10. Not working with an experienced agent.
The purchasing process can be confusing, especially if you’ve never bought a home before. An experienced real estate agent will be able to guide you through the process from start to finish, including advising you on neighbourhoods and properties, making an offer, negotiating a deal, paperwork and closing. Tap into your agent’s expertise – after all, this is what they do best. A good agent will also be able to help you avoid the following nine home buying mistakes.
9. Shopping before getting pre-approved for a mortgage.

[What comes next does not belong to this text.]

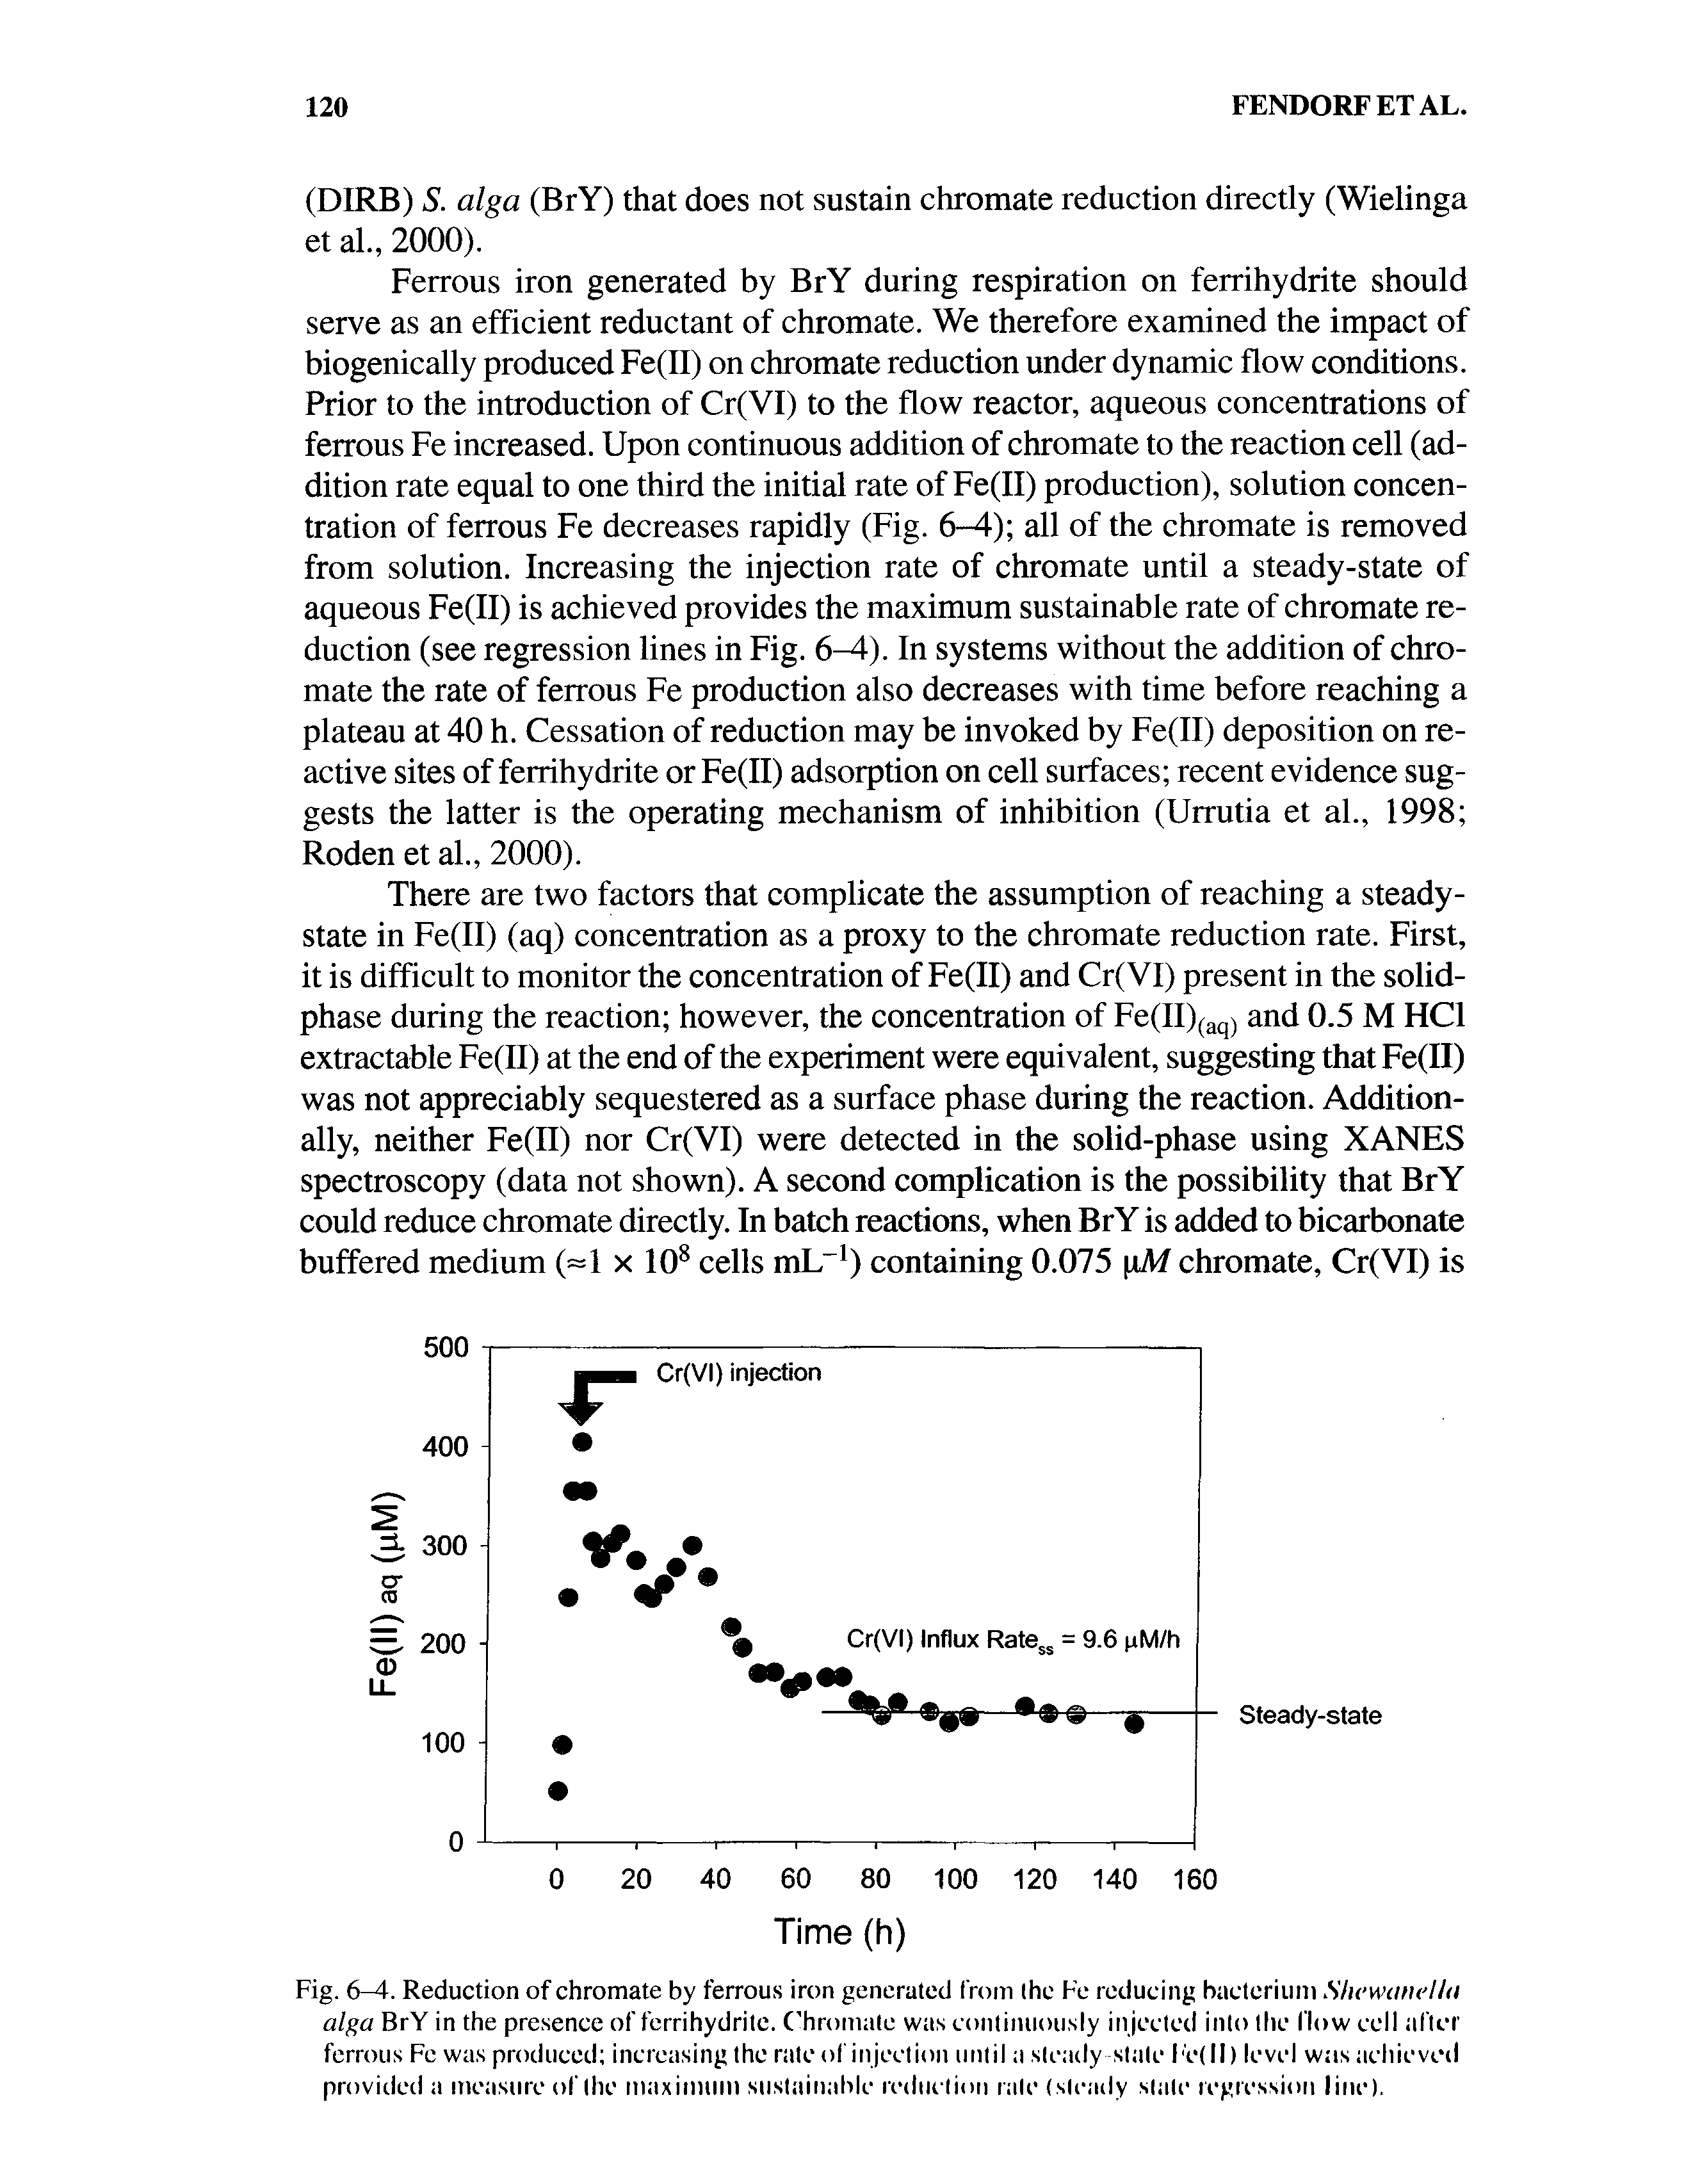 Fig. 6-4. Reduction of chromate by ferrous iron generated from (he Fe reducing bacterium ShewemeUtt alga BrY in the presence of ferrihydrite. C hromate was continuously injected into (he I low cell after ferrous Fe was produced increasing the rate of injection until a steady state Fe(II) level was achieved provided a measure of (he maximum sustainable rediietion rate (steady state regressioti line).

Many first-time homebuyers decide they’re ready to take the leap, and start touring open houses “just to see what’s out there.” While getting a feel for the market is certainly a good idea, you risk falling in love with a home that is not in your budget. Before you start seriously shopping the market, visit your bank, mortgage broker or lender, and get a mortgage pre-approval. You’ll know the exact amount you’ll qualify for, so when you’re ready to make an offer, you can do so with confidence and no “conditional of financing” clauses.
8. Skipping the mortgage pre-approval altogether.
We’re mentioning this one again, because it’s super important. Getting pre-approved not only informs you of how much you can spend on a home, but it also guarantees the current interest rate for up to 120 days, giving you the freedom to shop knowing you’re safe from rate hikes in the near future. With interest rates on the rise, this step is more important than ever.
7. Making major life changes when applying for a mortgage.
Once you’ve filed your application, avoid changing jobs, making big-ticket purchases on credit, or taking out new loans. These can all alter your financial picture, and can impact your ability to qualify for the mortgage or the amount you had originally anticipated. If possible, wait until after you’ve crossed the ‘t’s and dotted the ‘i’s.
6. Not saving enough for a down payment.
It’s true that the minimum requirement in Canada is five per cent, but try to put down at least 20 per cent of the purchase price. Having 20 per cent or more means you won’t have to take out a high-ratio mortgage, and you’ll avoid the mortgage default insurance premiums that go with it. If you are unable to save this amount, it could be an indicator that you’re shopping beyond your financial capacity. Consider lowering your budget, expanding your search area, or delaying the purchase until you’ve saved enough money. It’s a good idea to consult a trusted financial advisor for advice specific to your situation.
5. Not accounting for the “extra” costs.
You can estimate to spend (approximately) between 1.5 to four per cent of the purchase price of the home. This includes costs such as the deposit, property insurance, title insurance, lawyer fees, home inspection fee, moving costs and more. Be sure to budget these into your purchasing plan.
4. Not seeing enough homes.
Before you settle down, make sure you sow your oats, so to speak. Since you’ve never owned a home, and particularly if you’re moving out on your own for the first time, you’ll want to tour lots of different home styles and neighbourhoods. When narrowing down your location, consider factors such as proximity to work, family and friends; public transit and access to major roads and highways; and things such as shopping, services, green space, and your lifestyle. These will affect the liveability of the home, its current value, and the resale price. To help you make the decision between location and style, click here.
3. Seeing too many homes.
Don’t get us wrong – it’s definitely a good idea to see what’s on the market, if only for the sake of comparison. You’ll gain a better understanding of what comparable homes are valued at, their condition, and your negotiating power. This is valuable intel, whether you’re buying your first home or your tenth. But buyer beware: particularly in a hot market, sitting on the fence can mean losing the property. A trusted, experienced real estate agent can best advise you on this.
2. Not getting everything in writing.
Under the right market conditions, negotiating may be part of your purchasing plan. Any conditions of the purchase and sale must be on paper. If it’s not in the contract, it doesn’t count. Your contract is your only way of holding the buyer and seller accountable. An experienced real estate agent can help advise you, and negotiate on your behalf.
1. Biting off more than you can chew.
You’ve likely heard the term “house poor.” Buying a home is a huge financial commitment, so ensure you can afford it. As a first foray into home ownership, condos are a popular choice, thanks to their lower price point, smaller footprint (read: less maintenance and lower operating costs) and their central locations. But condos are a lifestyle choice as well as a financial one. Consider your purchase from all angles.